__ABOUT THIS TASK__
From the records below, copy out exactly the lines from the one containing "Obwieszczenie - Przebudowa" to the one containing "Les travaux préparatoires", both included. Add nothing else.
BEGIN
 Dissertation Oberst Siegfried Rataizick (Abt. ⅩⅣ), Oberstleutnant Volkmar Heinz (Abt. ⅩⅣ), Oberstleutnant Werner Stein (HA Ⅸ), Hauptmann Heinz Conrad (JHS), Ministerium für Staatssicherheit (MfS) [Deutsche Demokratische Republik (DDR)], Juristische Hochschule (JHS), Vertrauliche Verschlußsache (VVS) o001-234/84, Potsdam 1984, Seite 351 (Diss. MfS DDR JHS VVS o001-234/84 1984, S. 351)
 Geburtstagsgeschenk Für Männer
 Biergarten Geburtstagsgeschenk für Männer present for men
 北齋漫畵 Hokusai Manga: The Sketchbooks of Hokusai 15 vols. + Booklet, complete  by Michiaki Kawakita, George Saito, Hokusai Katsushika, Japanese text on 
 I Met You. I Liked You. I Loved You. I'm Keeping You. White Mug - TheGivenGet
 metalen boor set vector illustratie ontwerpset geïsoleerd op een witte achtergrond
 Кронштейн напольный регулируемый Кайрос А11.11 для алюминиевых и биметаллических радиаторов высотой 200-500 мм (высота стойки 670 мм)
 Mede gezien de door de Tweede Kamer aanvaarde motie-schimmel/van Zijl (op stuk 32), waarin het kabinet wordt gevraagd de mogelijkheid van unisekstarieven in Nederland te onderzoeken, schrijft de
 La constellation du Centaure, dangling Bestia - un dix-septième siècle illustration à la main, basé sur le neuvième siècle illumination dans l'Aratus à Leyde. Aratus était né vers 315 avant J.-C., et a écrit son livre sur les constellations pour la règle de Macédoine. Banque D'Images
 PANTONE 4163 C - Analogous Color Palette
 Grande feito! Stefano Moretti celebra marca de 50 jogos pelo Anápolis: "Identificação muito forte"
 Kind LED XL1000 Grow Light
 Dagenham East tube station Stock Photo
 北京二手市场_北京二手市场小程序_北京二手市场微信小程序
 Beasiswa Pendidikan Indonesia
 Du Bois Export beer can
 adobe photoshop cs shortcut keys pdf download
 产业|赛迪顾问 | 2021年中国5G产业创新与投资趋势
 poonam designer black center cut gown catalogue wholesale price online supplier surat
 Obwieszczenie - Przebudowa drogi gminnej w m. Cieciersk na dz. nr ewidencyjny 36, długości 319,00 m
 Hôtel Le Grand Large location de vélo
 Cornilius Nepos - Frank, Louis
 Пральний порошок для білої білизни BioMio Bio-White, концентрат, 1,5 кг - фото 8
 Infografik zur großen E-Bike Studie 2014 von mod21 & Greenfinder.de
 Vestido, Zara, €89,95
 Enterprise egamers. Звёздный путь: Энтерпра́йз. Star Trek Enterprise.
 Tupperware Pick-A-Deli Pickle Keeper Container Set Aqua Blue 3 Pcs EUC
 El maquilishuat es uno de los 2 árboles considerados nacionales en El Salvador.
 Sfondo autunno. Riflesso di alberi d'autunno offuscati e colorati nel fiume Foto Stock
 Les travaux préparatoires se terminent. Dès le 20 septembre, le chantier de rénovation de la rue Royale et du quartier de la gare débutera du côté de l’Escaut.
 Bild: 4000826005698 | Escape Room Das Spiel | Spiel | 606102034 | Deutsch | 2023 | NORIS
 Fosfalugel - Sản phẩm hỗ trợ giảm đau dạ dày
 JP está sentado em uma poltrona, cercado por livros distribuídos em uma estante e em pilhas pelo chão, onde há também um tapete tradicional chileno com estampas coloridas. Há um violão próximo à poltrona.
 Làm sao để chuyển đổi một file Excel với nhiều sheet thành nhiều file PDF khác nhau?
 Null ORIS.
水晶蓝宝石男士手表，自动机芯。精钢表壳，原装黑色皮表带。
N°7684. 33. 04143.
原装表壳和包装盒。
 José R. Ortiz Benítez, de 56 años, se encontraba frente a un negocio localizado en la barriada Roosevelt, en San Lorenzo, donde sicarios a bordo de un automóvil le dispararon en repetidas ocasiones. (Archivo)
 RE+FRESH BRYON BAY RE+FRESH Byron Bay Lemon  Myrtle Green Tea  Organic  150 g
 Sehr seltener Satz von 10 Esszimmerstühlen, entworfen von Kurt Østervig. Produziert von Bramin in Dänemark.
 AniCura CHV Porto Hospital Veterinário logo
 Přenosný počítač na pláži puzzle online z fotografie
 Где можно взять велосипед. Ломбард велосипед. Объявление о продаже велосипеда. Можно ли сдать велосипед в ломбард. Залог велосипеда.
END
__ANSWER BOX__
 Obwieszczenie - Przebudowa drogi gminnej w m. Cieciersk na dz. nr ewidencyjny 36, długości 319,00 m
 Hôtel Le Grand Large location de vélo
 Cornilius Nepos - Frank, Louis
 Пральний порошок для білої білизни BioMio Bio-White, концентрат, 1,5 кг - фото 8
 Infografik zur großen E-Bike Studie 2014 von mod21 & Greenfinder.de
 Vestido, Zara, €89,95
 Enterprise egamers. Звёздный путь: Энтерпра́йз. Star Trek Enterprise.
 Tupperware Pick-A-Deli Pickle Keeper Container Set Aqua Blue 3 Pcs EUC
 El maquilishuat es uno de los 2 árboles considerados nacionales en El Salvador.
 Sfondo autunno. Riflesso di alberi d'autunno offuscati e colorati nel fiume Foto Stock
 Les travaux préparatoires se terminent. Dès le 20 septembre, le chantier de rénovation de la rue Royale et du quartier de la gare débutera du côté de l’Escaut.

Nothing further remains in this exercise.